- Don’t multitask.
- Don’t pontificate.
- Use open-ended questions.
- Go with the flow.
- If you don’t know, say that you don’t know.
- Don’t equate your experience with theirs.
- Try not to repeat yourself.
- Stay out of the weeds.
- Be brief.
Lucid suggestions, IMO. The only bit I struggled with was reconciling some elements of #6 “It is not about you!” (Exactly! I don’t really exist.) and #8 “What they care about is you. They care about what you are like.” (We already established that it is not about me! I am only a means by which social dynamics manifest themselves.)
A few others that I reply upon, in no particular order:
This is often mentioned in topics like this, but seems always badly explained. It’s basically saying to never try to relate to the person that you’re talking to, despite the fact that relating to other people is often the point of conversation.
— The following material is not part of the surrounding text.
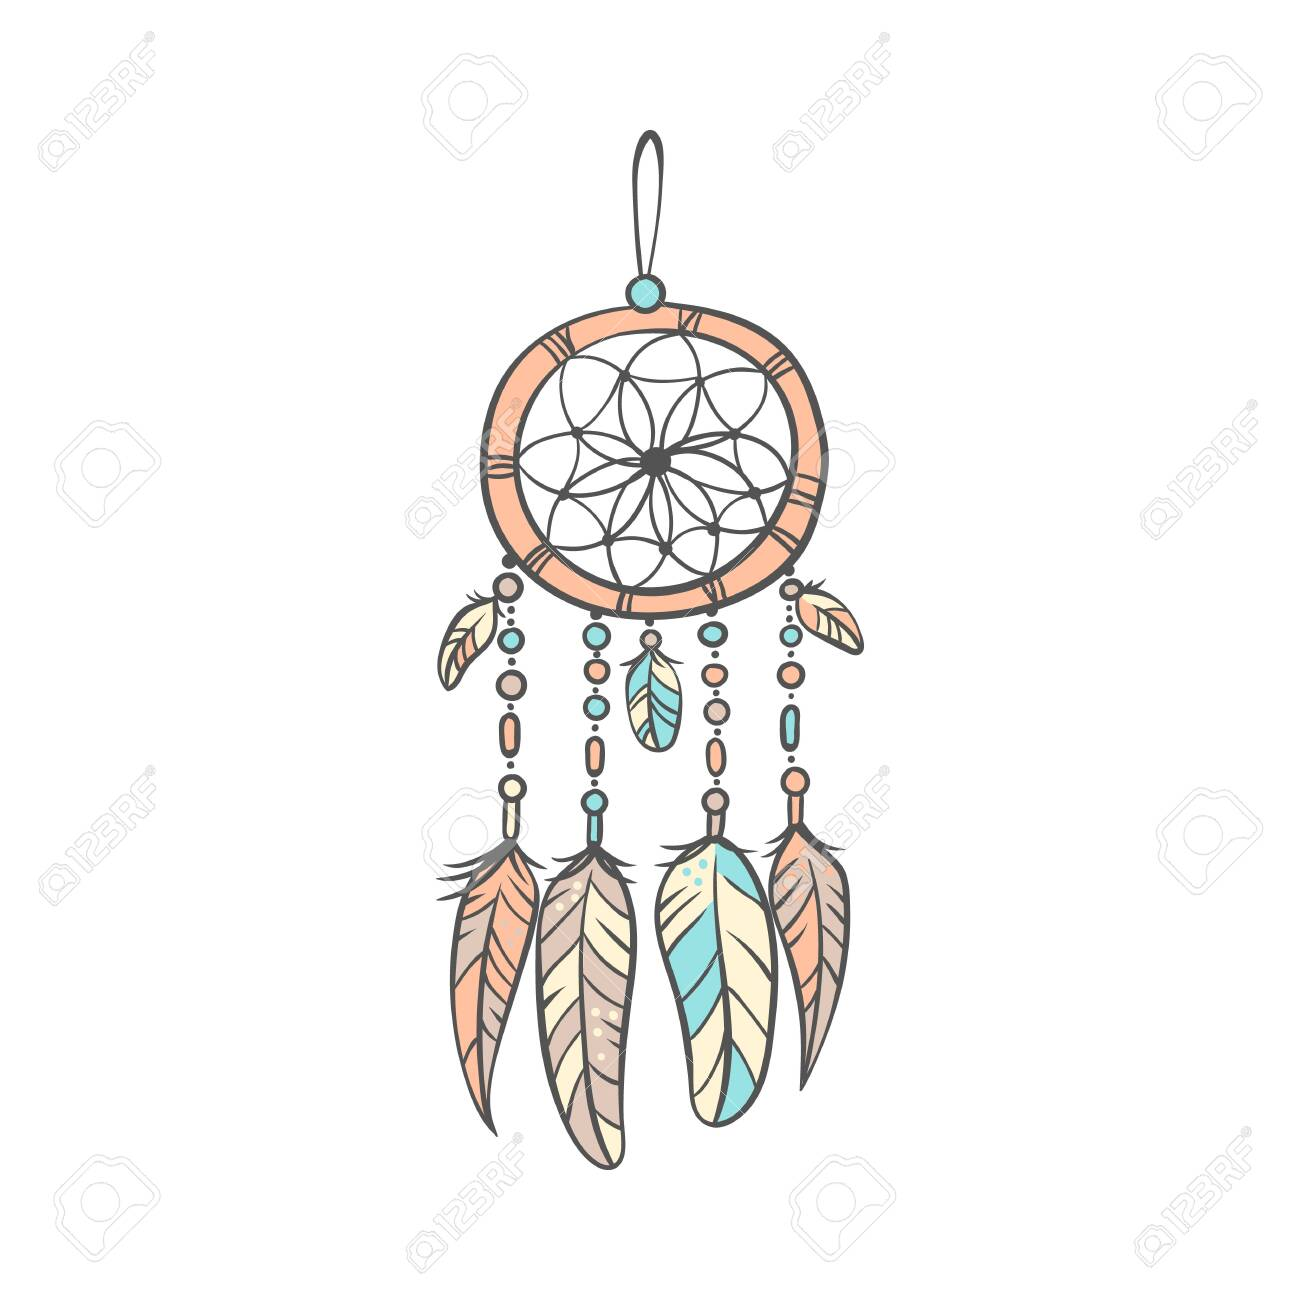 stylish decorative dream catcher

And it ignores cases where it might be helpful for someone to know that they’re not alone.
Scenario: You and two friends have filed for something, been denied, but appealed, and won on the appeal. Someone else tells you that they filed, but were denied and they’re obviously upset about it and ready to give up. You suggest that they should appeal, but they think it’s not worth the bother. Is it really wrong to mention that you and everyone else you know were also initially denied, but won on the appeal, so it might be worthwhile for them to appeal too? Should you just say “oh well, sucks to be you.”?
Where does that line get drawn and where does it get crossed? These little how-to’s never really address actually relating to people, especially not in a positive way.
Of course people do cross the line, takeover the conversation and make it about themselves. But saying never try to relate to another human isn’t a good solution to that. Better would be to explain when to relate (or not) and how to do so in a way that is positive for the other person.
There is definitely a tricky balance there. My experience is that many people predominantly focus upon either similarities or differences - and even then these may be good, bad, or indifferent. I know that my own version of autistic existentialism often rubs people the wrong way in that it models each person as being acutely connected to every other, while also being unknowable. To me, the main focus and interest is in differences between people. Somebody trying to appeal to me with common feelings or culture comes off as trying to make conversation about how we both have two ears, or share the same gravitational constant. Dwelling upon the obvious makes it seem as if we don’t actually have anything to communicate.
But many people I meet require establishing commonality in order to feel secure. And in discussion about cultures and societies this means requiring us to inhabit the same “space” of shared value and tradition. But this is also how imperialism plays out in our daily interactions - pressuring a person to share a “common” language, calendar, government, etc. The sharing of preconceptions is its own situational validity, regardless of how objectively accurate it may or not be. So if one even chooses to assume that we have things in common to assuage the other’s insecurities, it is often a game of labyrinthine norms and shibboleths which exist as much to divide as to collect, to establish the ingroup/outgroup split.
Probably the most cogent examples I see are in how people create and react to media. Like how music tends to be based almost entirely upon the poised dance of both cultivating and subverting expectations. Too predictable quickly gets boring. Yet too unpredictable elicits anxiety and the listener is unlikely to discern any pattern, it then becomes predicted and dismissed as simply “noise”.